Fernandinho’s valiant efforts came in vain. His amounted to a heroic damage-limitation exercise. Alongside him – or, more frequently, on his backside as his rash attempts to throw himself into challenges backfired – was Nicolas Otamendi. Hyperbolically branded ‘Superman’ by Pep Guardiola two years ago, the Argentinian was more blooperman in a display of clownish ineptitude. “They were quite good,” said the City manager, in an implausible defence of an errant defence.

Yet as Wolves’ keen counter-attackers exposed City’s soft underbelly, it was a moot point who the champions missed more: the sidelined centre-backs John Stones and Aymeric Laporte, or the missing midfielder Kevin De Bruyne.

While Liverpool have assumed an eight-point advantage in the table that matters most, a City man boasts an extraordinary lead in one particular chart. De Bruyne has twice as many assists as anyone else; not just at City, but in the division as a whole.

Lacking a player who has made eight goals and who has delivered 29 key passes, City registered two shots on target against a Wolves team who had conceded three goals to Everton and five to Chelsea. The defiance of Willy Boly and Conor Coady showed the defensive improvement Nuno Espirito Santo has engineered since then but City, who had mustered the most goals in the opening seven games of a top-flight season since the 19th century, drew a blank.

De Bruyne went unnamed in Guardiola’s analysis, but he is the constant in City’s creativity. “Today was the day we create less than the others,” he said. “Even [in defeat to] Norwich we create a lot. Our process to create chances was not good. We face many teams defending deep and more or less we found a way to do it but today we had a problem.”

Those deep defences came be unlocked by De Bruyne’s delivery. He can be Beckham-esque crosser or Gerrard-esque force of nature. His capacity to make things happen renders him a catalyst. City posted 98 points last season when De Bruyne figured in fewer than a third of the minutes. This time, however, they could not compensate for the talisman’s absence.

David Silva was below par, to the extent there was the rare sight of City’s captain being substituted when his side required a goal. Sergio Aguero was isolated, restricted to 24 touches. Mahrez’s early-season excellence felt a mirage on the day.

Perhaps it did not help, either, that Bernardo Silva, who stepped so adeptly into De Bruyne’s shoes for much of last season, began on the bench. Despite his hat-trick against Watford, the Portuguese has not touched the heights he hit last season when Guardiola, who described him as “the best player in the best team,” felt he ought to have been named Footballer of the Year. Thus far, he trails far behind candidates such as De Bruyne, Sadio Mane and Roberto Firmino. Maybe his impending FA charge has affected his confidence, but Silva brought improvement in his cameo.

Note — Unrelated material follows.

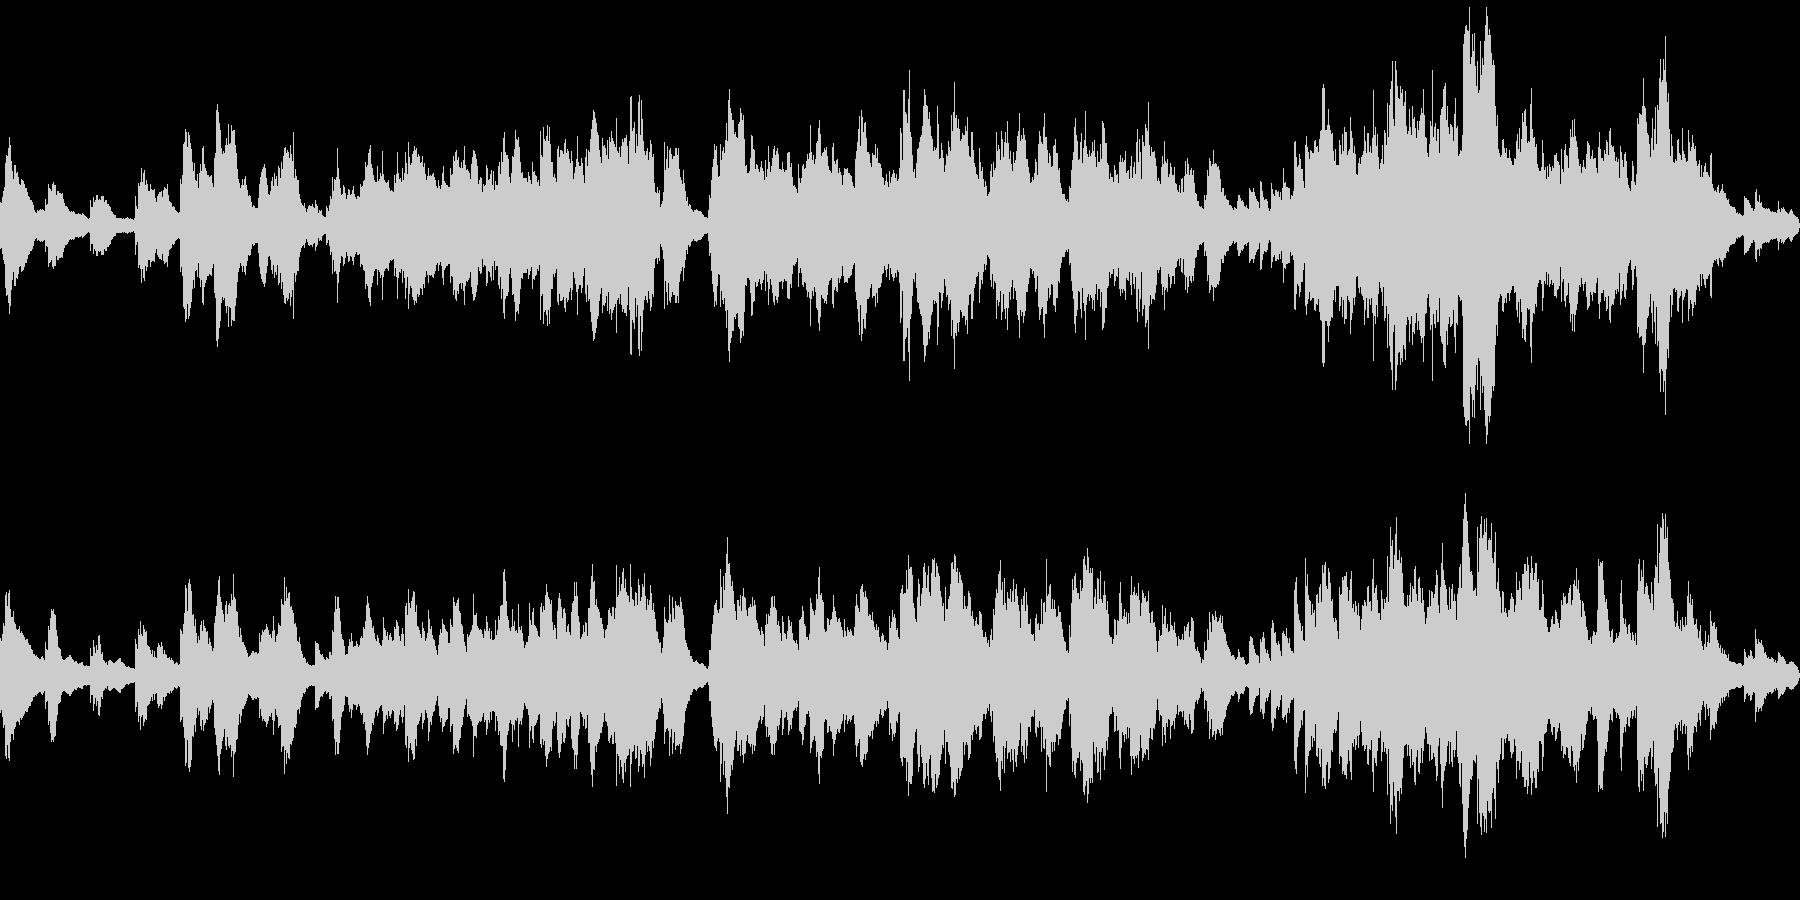 深い森・ダンジョンのBGM風 ピアノソロの未再生の波形
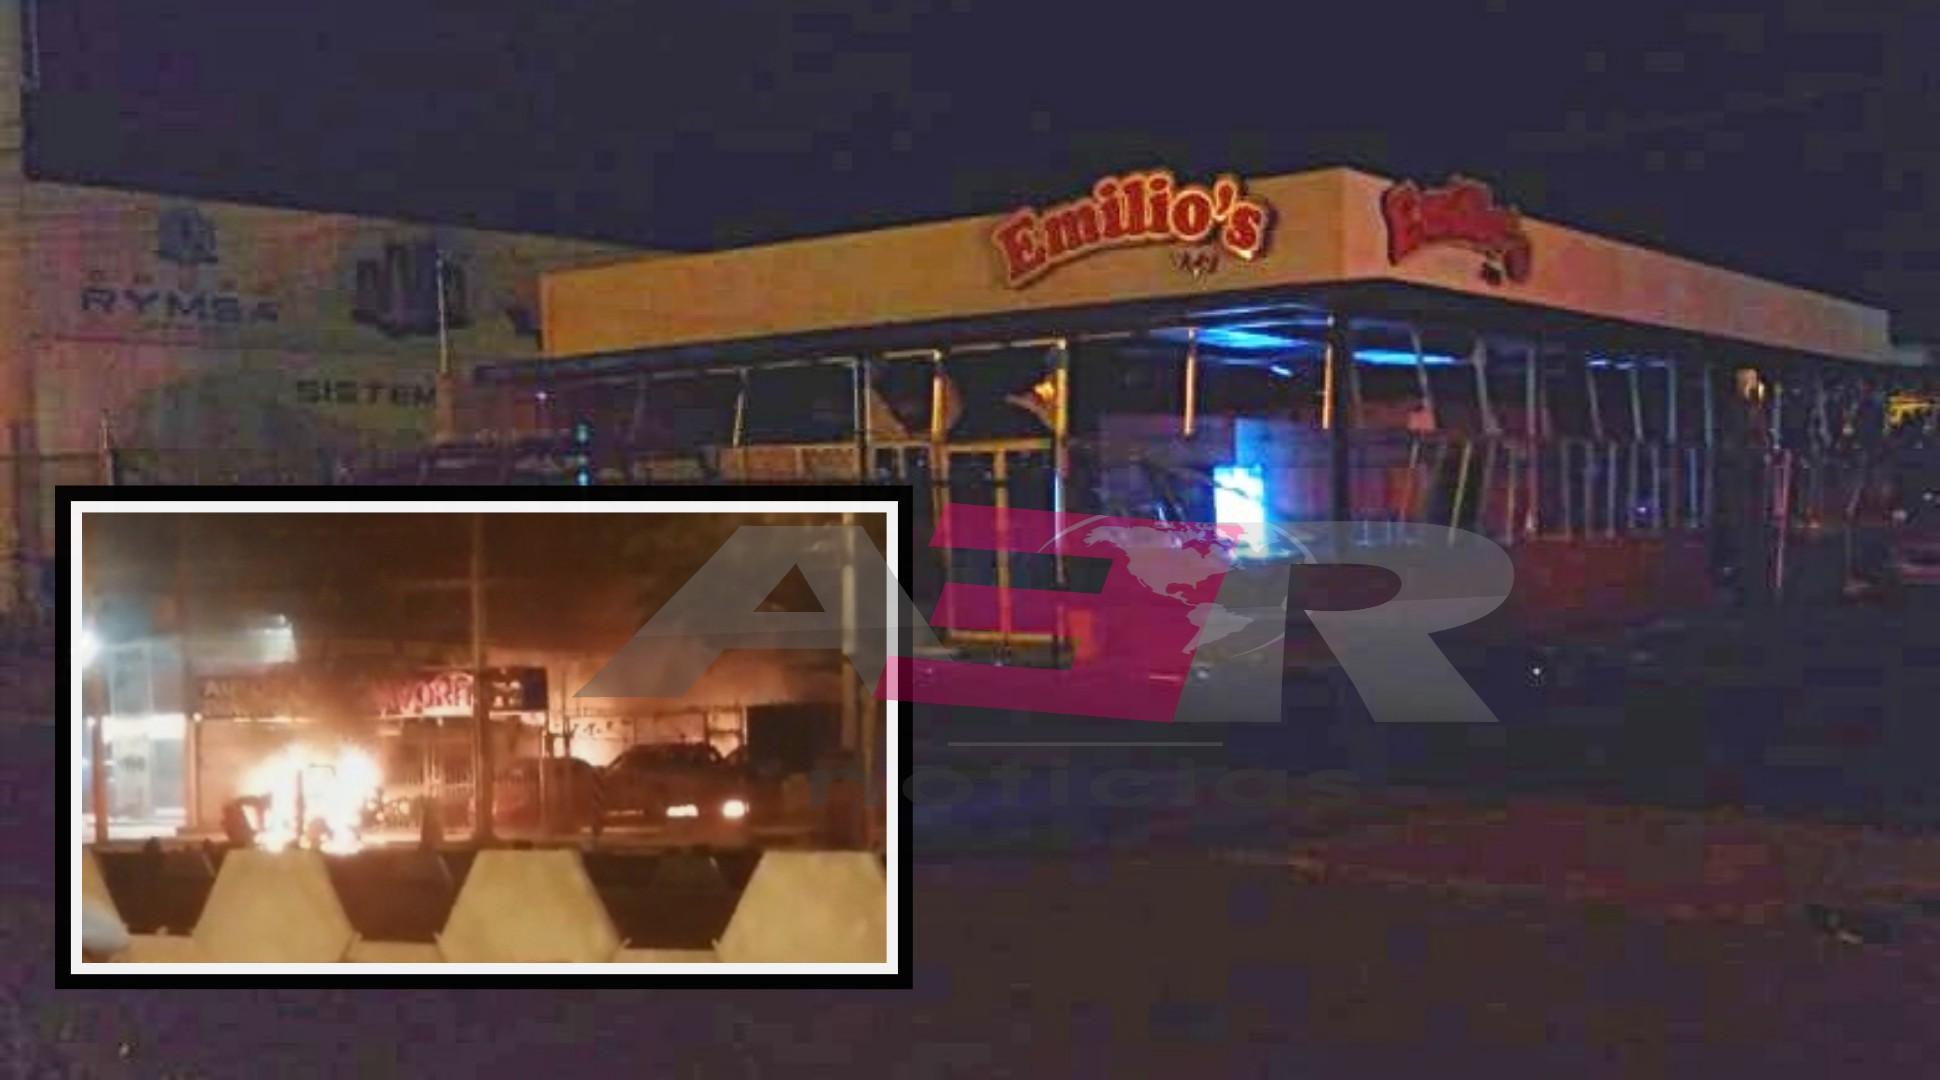 Incendian con artefactos explosivos sucursales de taquería Emilio's en Celaya 4

But the man who began on the right of the midfield trident was the conundrum that is Ilkay Gundogan, neither an attacking midfielder nor a defensive one. The German offered precision in possession, but not penetration. City missed De Bruyne’s infield crossing from the inside-right channel. Guardiola often mentions that City lack height, but such is the accuracy of the Belgian’s delivery that they do not need it when he picks out their diminutive attackers.

Their total of 35 crosses was scarcely the 81 David Moyes’ Manchester United infamously attempted against Fulham, but Wolves’ giants headed them away and crowded City out to cut out the cut-backs. The full-backs Guardiola fielded, with Oleksandr Zinchenko replacing Kyle Walker at the break, had a combined 268 touches, but Wolves’ 3-5-2 formation meant they were often the spare men.

One of them, Joao Cancelo marked his first Premier League start by coughing up possession for the first of Adama Traore’s double. “Loose balls,” lamented Guardiola but Cancelo’s misplaced pass proved the most influential one a De Bruyne-less City played all day.